[Paper] Towards Observation Lakehouses: Living, Interactive Archives of Software Behavior

Published: (December 2, 2025 at 09:12 AM EST)
4 min read
Source: arXiv

Source: arXiv - 2512.02795v1

Overview

The paper proposes Observation Lakehouses, a new way to store and query massive streams of runtime observations (stimuli, responses, and execution context) from software tests and CI pipelines. By treating these observations as a continuously growing, append‑only table, developers can instantly materialize rich behavioral views (SRMs/SRCs) without re‑running code, opening the door to fast, data‑driven debugging, version comparison, and model training.

Key Contributions

  • Continual SRC storage model: Defines a “tall” observation table that logs every stimulus‑response tuple together with its context, enabling on‑demand reconstruction of higher‑level behavior matrices and cubes.
  • Lakehouse implementation: Combines Apache Parquet, Apache Iceberg, and DuckDB to provide ACID‑compatible, append‑only storage with fast SQL‑based slicing.
  • Integration pipelines: Shows how to feed observations from controlled experiments (LASSO) and real CI runs (unit tests) into the lakehouse automatically.
  • Scalable analytics on a laptop: Demonstrates that 8.6 M observation rows (≈ 51 MiB) can be ingested and queried in < 100 ms, proving that large‑scale behavior mining does not require a distributed cluster.
  • Open‑source release: Publishes the full lakehouse code and a benchmark dataset (509 problems) on GitHub for the community to adopt and extend.

Methodology

  1. Data model – Each observation is a record (stimulus, response, context, version, timestamp).
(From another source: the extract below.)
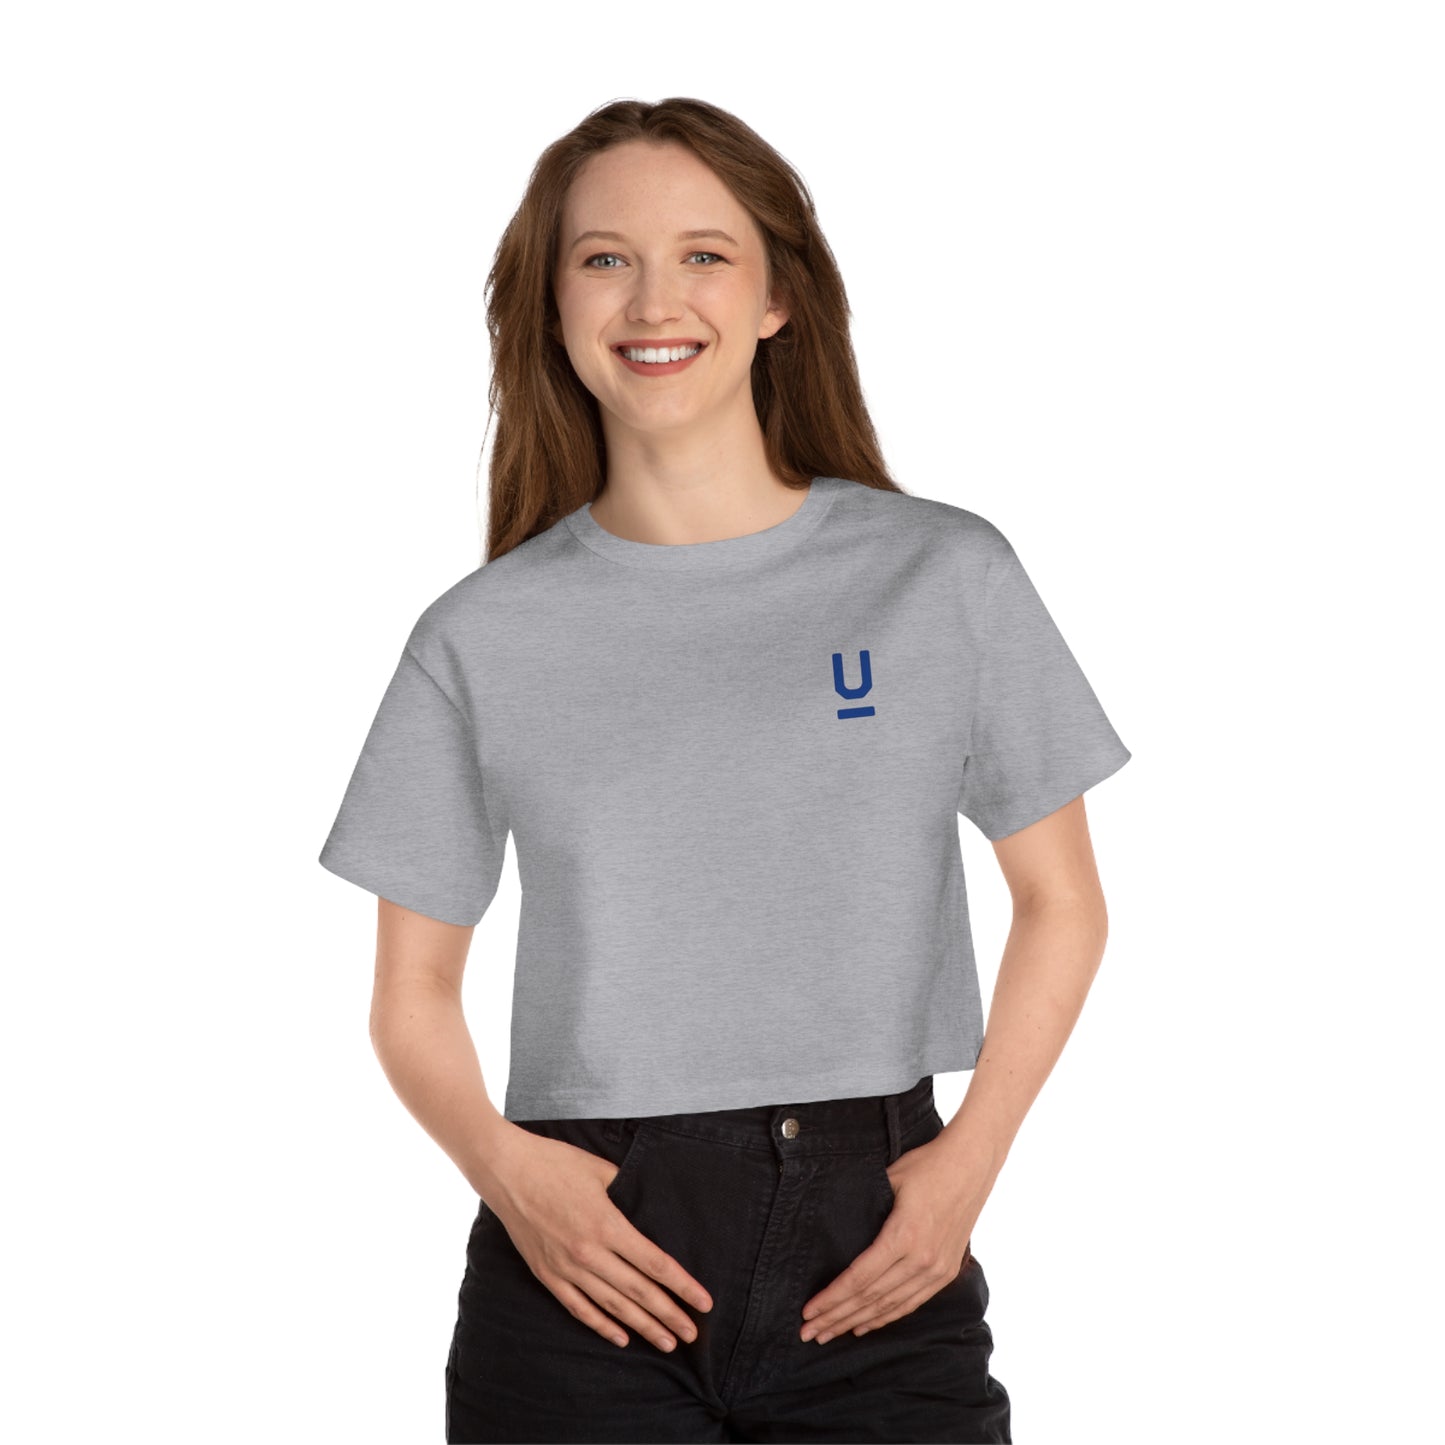 Camiseta corta para mujer - logo azul

The table grows only by appending new rows, preserving a complete history.
  2. Storage stack
    • Parquet provides columnar, compressed files for efficient I/O.
    • Iceberg adds schema evolution, partitioning, and snapshot isolation, turning the raw files into a true lakehouse.
    • DuckDB runs fast, in‑process SQL queries directly on the Parquet files, enabling instant materialization of SRMs (2‑D matrices) and SRCs (3‑D cubes).
  3. Ingestion pipelines
    • LASSO (a controlled stimulus generator) produces systematic test inputs and captures responses.
    • CI integration hooks into existing unit‑test runners, automatically logging each test case execution as an observation.
  4. Analytics – Using simple SQL, the authors slice the observation table by version, problem, or stimulus subset to reconstruct SRMs/SRCs, then apply clustering or consensus‑oracle algorithms on the resulting views.

Results & Findings

  • Data volume: 8.6 M observation rows across 509 benchmark problems, stored in < 51 MiB (high compression).
  • Query latency: Rebuilding any SRM or SRC slice and running clustering took < 100 ms on a standard laptop (no GPU, no cluster).
  • Behavioral insights: The lakehouse enabled n‑version comparison (detecting regressions across implementations) and automatic clustering of similar behavior patterns without re‑executing tests.
  • Practicality: The end‑to‑end pipeline—from CI test run to queryable behavior view—operated entirely locally, showing that “continual behavior mining” is feasible for typical development teams.

Practical Implications

  • Debugging & regression detection – Developers can query historic behavior across versions instantly, spotting subtle functional drifts that static diff tools miss.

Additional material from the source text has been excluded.